The proposed WCT framework is for performing the statistical downscaling of daily wind speed using coarse-scale simulations from GCM. This framework applies convolutional neural networks (CNNs) with self-attention to each climate variable independently where each climate variable is depicted by a 7 × 7 matrix of corresponding values from the 49 grid points represented by the black circles in Fig. 1. The CNNs are followed by a stacked transformer with two transformer models. Within the framework, we apply dropout steps during testing to leverage Monte-Carlo dropout sampling for uncertainty quantification. The architecture of the WCT framework is shown in Fig. 2.

4.1 Multi-Head Convolutional Neural Networks

CNNs are based on a grid-like topology [49], and they owe their name to the convolution layers included in their architecture. A typical CNN consists of a set of convolution and pooling layers. Convolution layers aim to detect discriminative local features in the input, which are needed for classification, by applying the convolution operator using a set of convolution kernels. On the other hand, pooling layers aim to extract the general patterns from the input and reduce the size of the detected local features. Pooling is done by replacing the value of a pixel with a statistical summary of its neighbors [49]. In general, a CNN architecture consists of a sequence of convolution-pooling layers which are then followed by fully connected layers.
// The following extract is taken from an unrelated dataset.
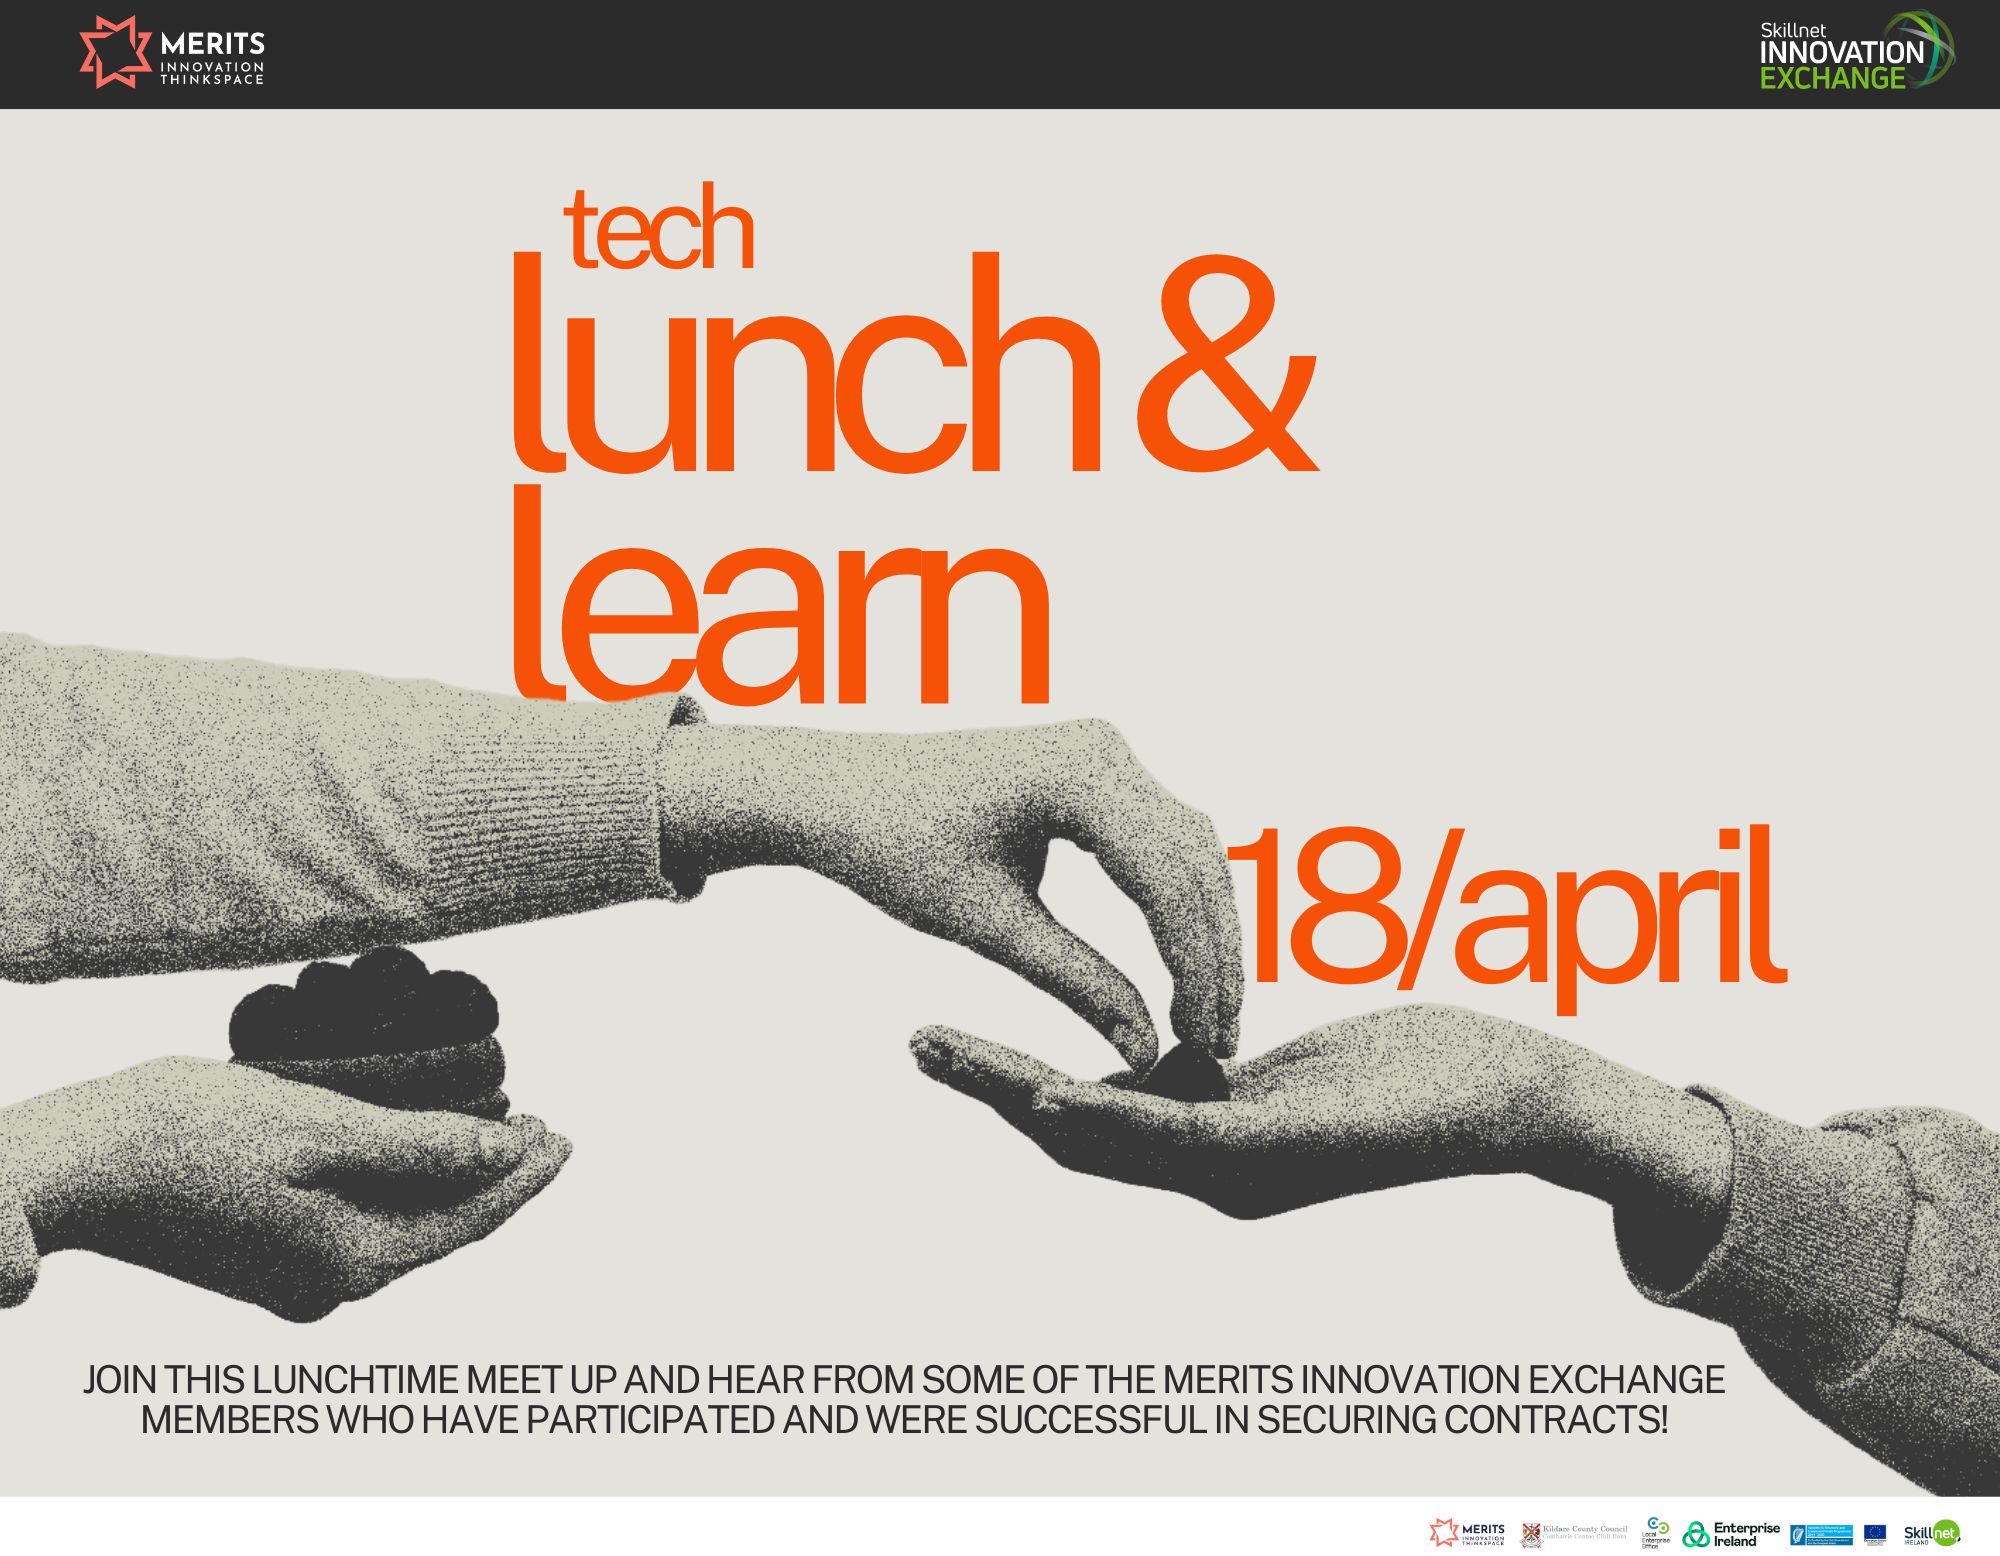 Tech Lunch and Learn: Innovation Exchange

We utilize self-attention in our CNN architecture to give selective importance to the output of the pooling layers [50]. For each climate variable, depicted by the 7 × 7 input matrix, we apply the sequence of convolution-pooling-attention two times followed by a dense layer. The outputs of the dense layer are concatenated and fed to a stacked transformer with two transformer models. Notice that the “multi-head” used in in our architecture is to depict the usage of multiple input heads (similar to “multi-convolutional heads’’ [51–53]) and is not related to the attention mechanism.

4.2 Transformer

A transformer [50] is an attention-based deep learning model that gained popularity within machine translation [54–57], and was incorporated into different domains [58–60], such as computer vision [61–64] and timeseries forecasting [65–68]. A transformer model leverages the attention mechanism to capture dependencies between the data. Within a transformer, data are processed as one sequence, with dependencies learned using self-attention. Multiple studies adopted transformers to tackle timeseries forecasting problems [69–71]. In the WCT framework, we employ a stacked transformer with two transformer models attached to the concatenated outputs of the multi-head CNNs (see Fig. 2). Each transformer model consists of stacked multi-head attention blocks, where each block contains a self-attention layer, a normalization layer, and a feed-forward layer.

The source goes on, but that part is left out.